The Need for Balanced Appreciation
A warm and light-filled welcome to you all,
This month, Caroline and I will focus on ‘balance’ as our theme, so I’ve chosen to write about the need for a balanced appreciation of both the positive and the negative - the light and the dark, if you will - when we seek wellbeing.
Unusually, I’d like to explain why balance matters by telling you a story. It’s a story I was told as a child, one I’ve always remembered.
Here it is:
A rich and selfish man is lying on his death bed. He knows it’s too late now, but he wishes he’d been a kinder, more generous individual—but only because he desperately hopes to go to heaven. Soon he drifts off into his last sleep on earth.
When he wakes, he realises he’s in the most sumptuous bedroom, with richly embroidered curtains and expensive furniture. Drawing back the curtains, he sees an idyll before him - perfect weather, lush vegetation.
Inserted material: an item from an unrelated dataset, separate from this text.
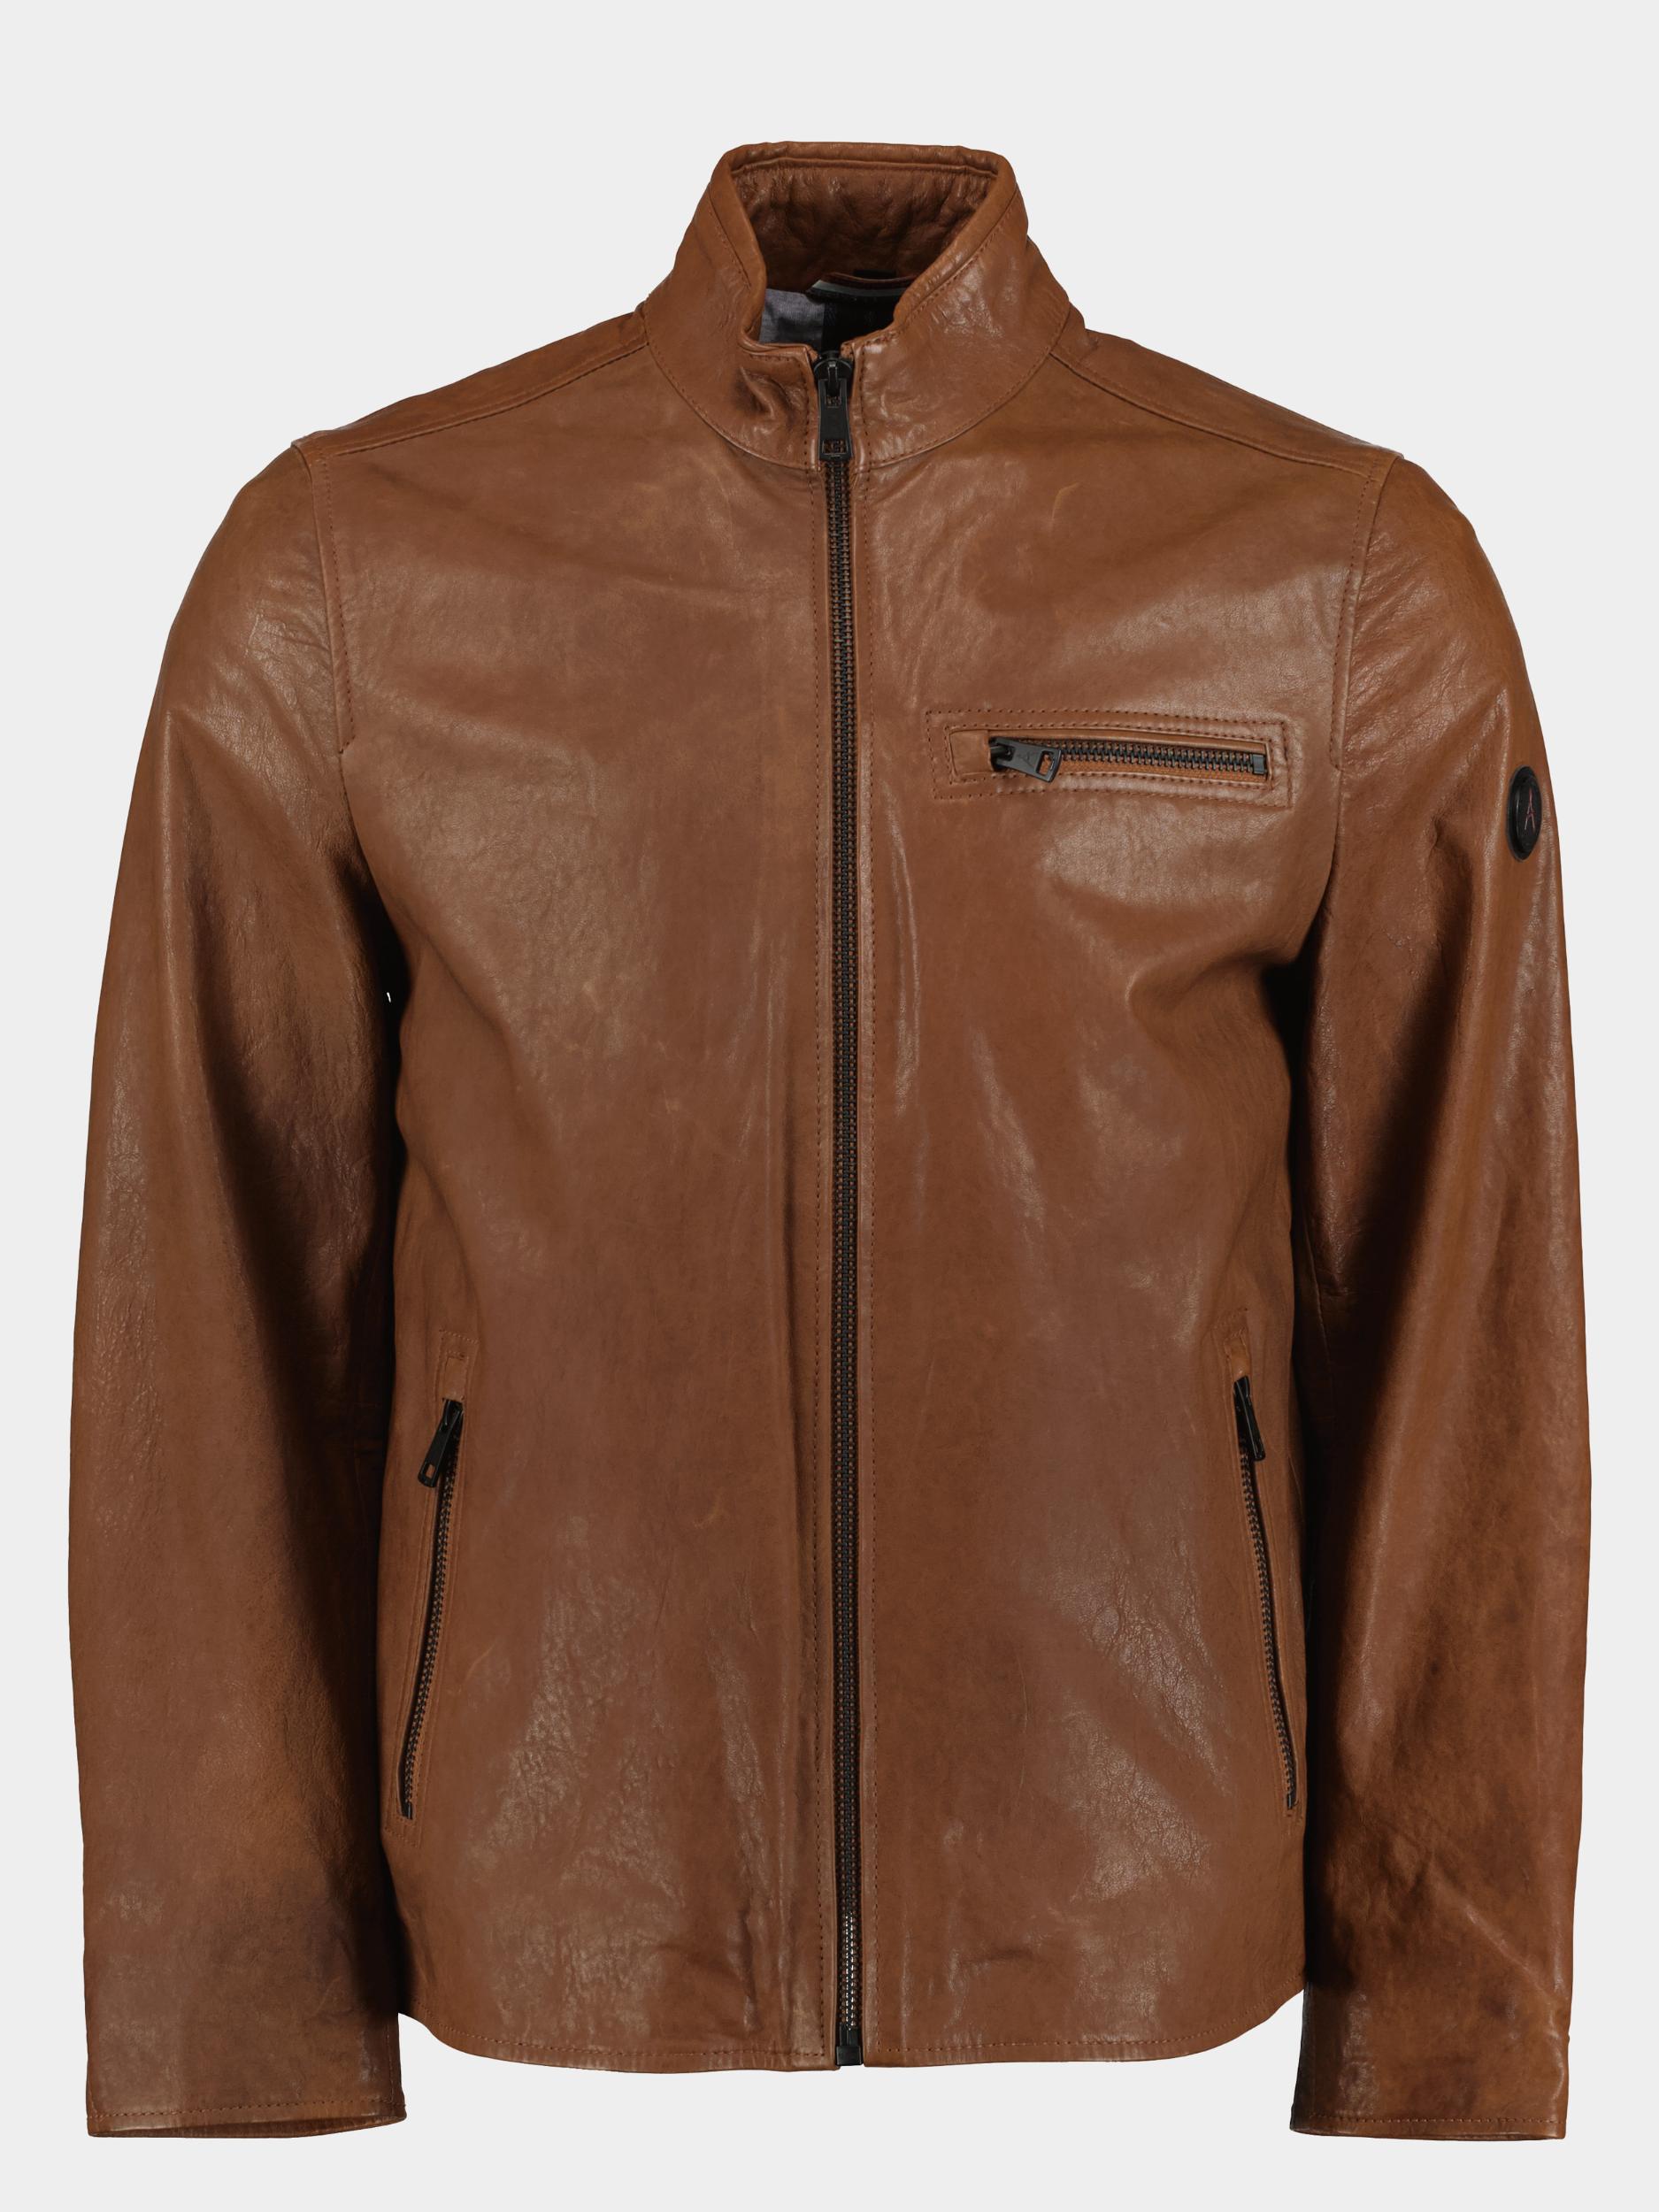 Afbeelding van Donders 1860 Lederen jack distrixx leather jacket 52382/461

At that moment he feels thirsty. Instantly, a decanter of expensive wine appears before him. A servant then brings in a platter of all his favourite foods, which he devours eagerly. Exactly as he finishes his meal, the servant reappears to clear things away and gently dab his face with a clean cloth. The man is thrilled, and addresses the servant: ‘Well, it looks like I made to heaven after all. All my wishes are instantly granted here.’
The servant nods, but looks at him rather surprised. ‘Yes, sir,’ he says. ‘All you wish for will always be given to you immediately, without anything bad ever happening and without any effort on your part. But sir, this is not heaven. This is hell.’
You may not think it so, but you would soon tire of total ease and perfection. It’s well known, for example, that in art, perfect symmetry soon bores us. We seek that little deviation, that bit of uncomfortable imperfection, to continue wanting to observe something.
So please, enjoy the light this month. But savour the darkness as well. It will make the dawn seem even more wonderful.